Healing T’ai Chi
…the award-winning blog of seated exercises to balance mind, body and spirit for people of all ages and levels of fitness.
“The greatest virtue is to follow Tao and Tao alone.
The Tao is elusive and intangible
Oh, it is intangible and elusive, and yet within is image.
Oh, it is elusive and intangible, and yet within is form.
Oh, it is dim and dark, and yet within is essence.
This essense is very real, and therein lies faith.
From the very beginning until now its name has never been forgotten.
Thus I perceive the creation.
How do I know the ways of creation?
Because of this.”
Tao Te Ching #21, translated by Gia Fu Feng and Jane English
In this exercise we will be loosening and relaxing our shoulders. Don’t try to breathe in time with the movements just breathe normally.
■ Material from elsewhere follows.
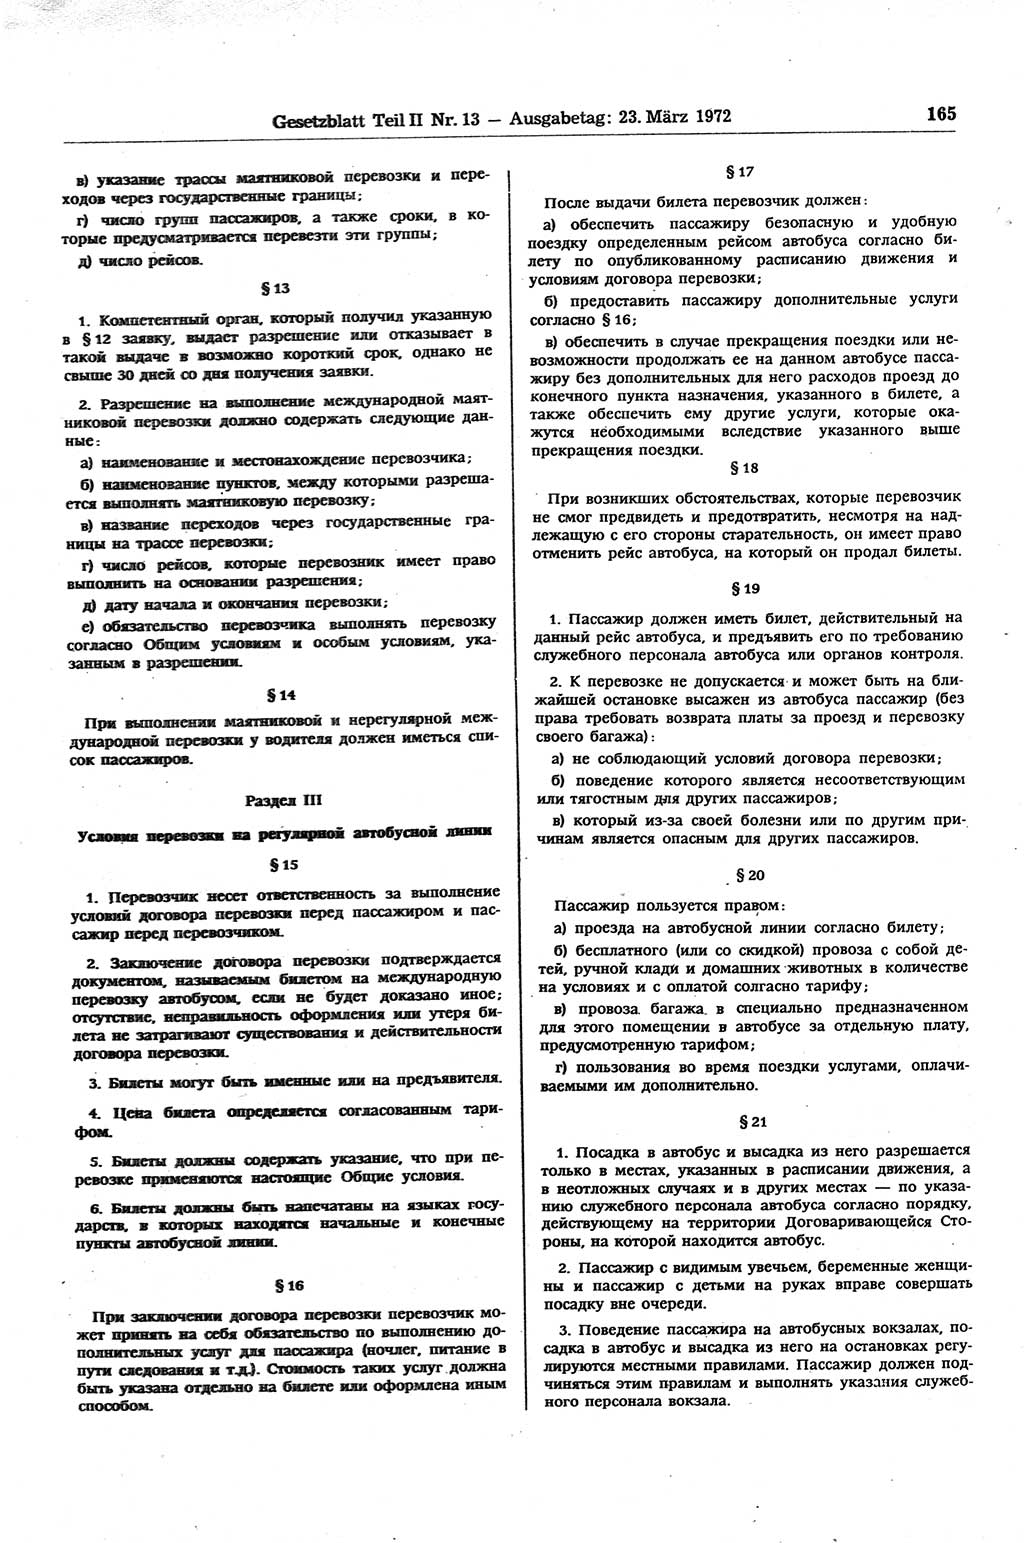 Gesetzblatt (GBl.) der Deutschen Demokratischen Republik (DDR) Teil ⅠⅠ 1972, Seite 165 (GBl. DDR ⅠⅠ 1972, S. 165)

However, it is always a good idea to take 3 to 6 slow diaphragmatic breaths in through your nose and out through your mouth before beginning each exercise.
Shoulder shrugs and circles:
Begin seated as usual with your feet flat on the floor shoulder-width apart, hips tucked under.
Lift your shoulders toward your ears and then let them drop, remaining completely relaxed so that they drop of their own accord.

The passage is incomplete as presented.